Structure shown as below:
[root@localhost ~]# nodetool status
Datacenter: DC1
===============
Status=Up/Down |/ State=Normal/Leaving/Joining/Moving
-- Address Load Tokens Owns Host ID Rack
UN 10.0.0.62 409.11 KB 256 ? 59bf9a73-45cc-4f9b-a14a-a27de7b19246 RAC1
UN 10.0.0.61 408.93 KB 256 ? b0cdac31-ca73-452a-9cee-4ed9d9a20622 RAC1
Datacenter: DC2
===============
Status=Up/Down |/ State=Normal/Leaving/Joining/Moving
-- Address Load Tokens Owns Host ID Rack
UN 10.0.0.63 336.34 KB 256 ? 70537e0a-edff-4f48-b5db-44f623ec6066 RAC2
Then, I created a keyspace and table like following:
CREATE KEYSPACE my_check1 WITH replication = {'class': 'SimpleStrategy', 'replication_factor': '1'};
create table replica_test(id uuid PRIMARY KEY);
After I inserted one record into that table:
insert into replica_test(id) values (uuid());
select * from replica_test;
id
--------------------------------------
5e6050f1-8075-4bc9-a072-5ef24d5391e5
I got that record.
But when I stopped node1 and queried again in either node 2 and node 3, none of the query succeeded.

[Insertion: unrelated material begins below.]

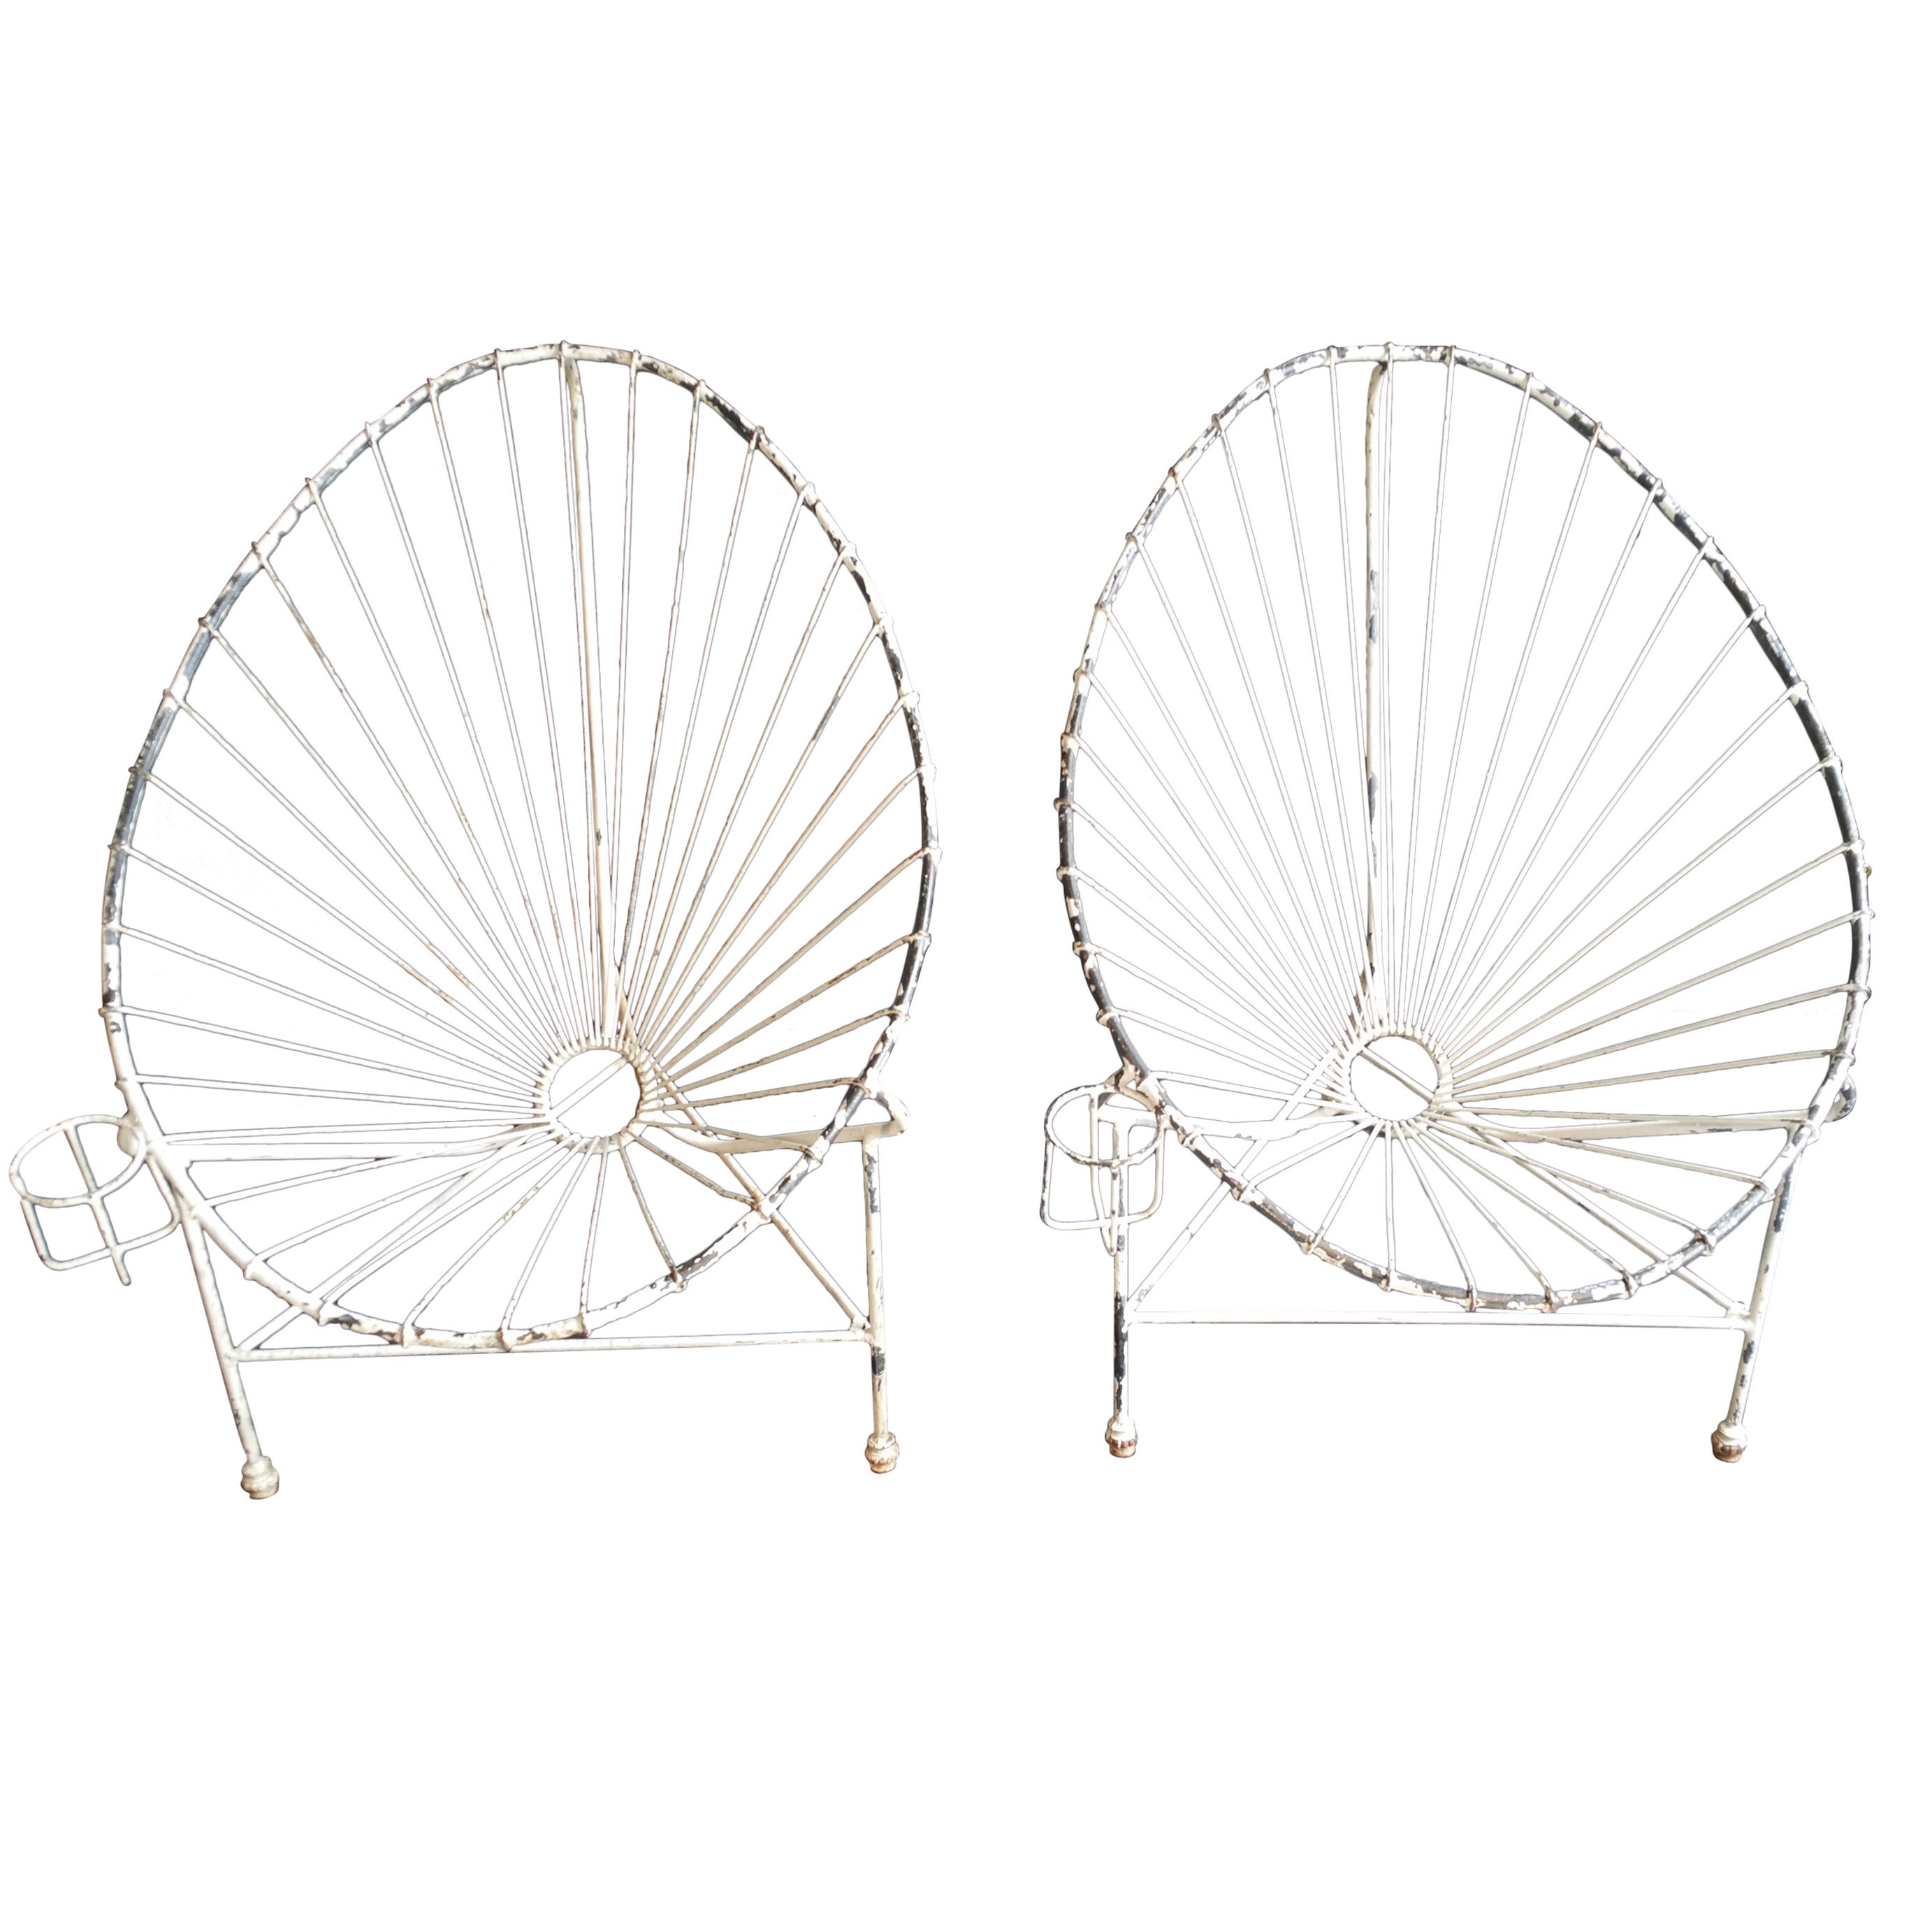 Pair of Modernist Wire Iron Garden Chairs, Manner of Mathieu Matégot

select * from replica_test;
Traceback (most recent call last): File "/usr/bin/cqlsh", line 997,
in perform_simple_statement
rows = self.session.execute(statement, trace=self.tracing_enabled) File
"/usr/share/cassandra/lib/cassandra-driver-internal-only-2.1.3.post.zip/cassandra-driver-2.1.3.post/cassandra/cluster.py",
line 1337, in execute
result = future.result(timeout) File "/usr/share/cassandra/lib/cassandra-driver-internal-only-2.1.3.post.zip/cassandra-driver-2.1.3.post/cassandra/cluster.py",
line 2861, in result
raise self._final_exception Unavailable: code=1000 [Unavailable exception] message="Cannot achieve consistency level ONE"
info={'required_replicas': 1, 'alive_replicas': 0, 'consistency':
'ONE'}
While the 'nodetool status' command returned:
UN 10.0.0.62 409.11 KB 256 ? 59bf9a73-45cc-4f9b-a14a-a27de7b19246 RAC1
DN 10.0.0.61 408.93 KB 256 ? b0cdac31-ca73-452a-9cee-4ed9d9a20622 RAC1
UN 10.0.0.63 336.34 KB 256 ? 70537e0a-edff-4f48-b5db-44f623ec6066 RAC2
And when I tried stopping node 2, keeping node 1 and 3 alive; or stopping node 3, keeping node 1 and 2 alive; The error occurred as well.

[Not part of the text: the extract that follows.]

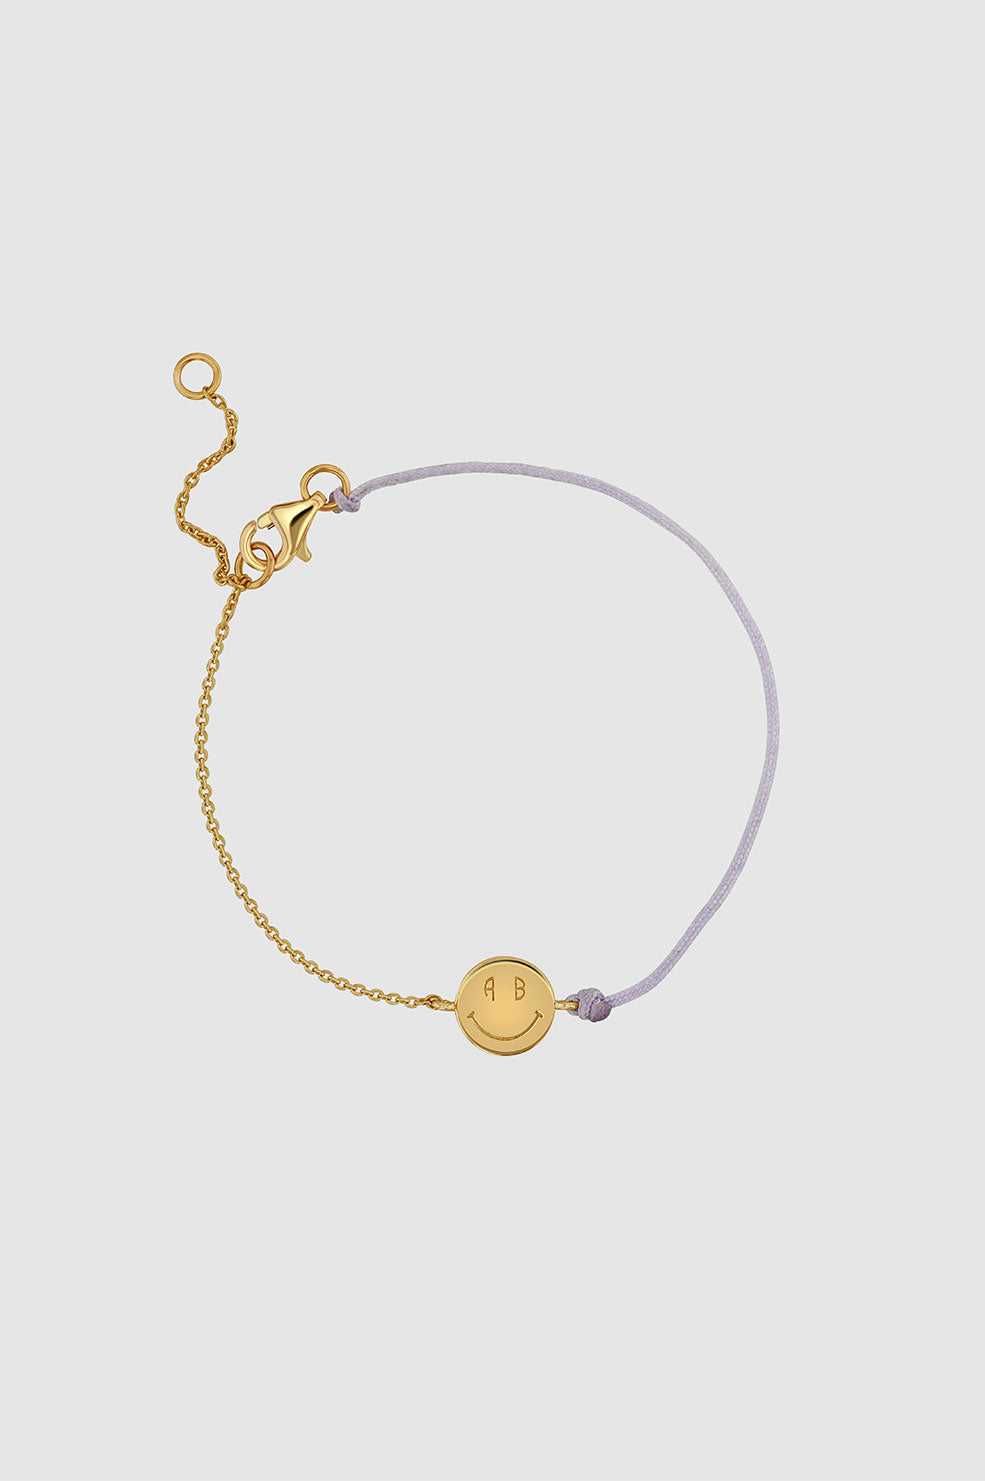 ANINE BING Smile String Chain Bracelet in 14k Gold And Lavender

Then what 's the problem, since I think I 've already satisfied the consistency level, and where exactly does this record exists?
Upvotes: 4
Views: 1960
Reputation: 57748
What ultimately does 'replication_factor' controls?
To directly answer the question, replication factor (RF) controls the number of replicas of each data partition that exist in a cluster or data center (DC). In your case, you have 3 nodes and a RF of 1. That means that when a row is written to your cluster, that it is only stored on 1 node. This also means that your cluster cannot withstand the failure of a single node.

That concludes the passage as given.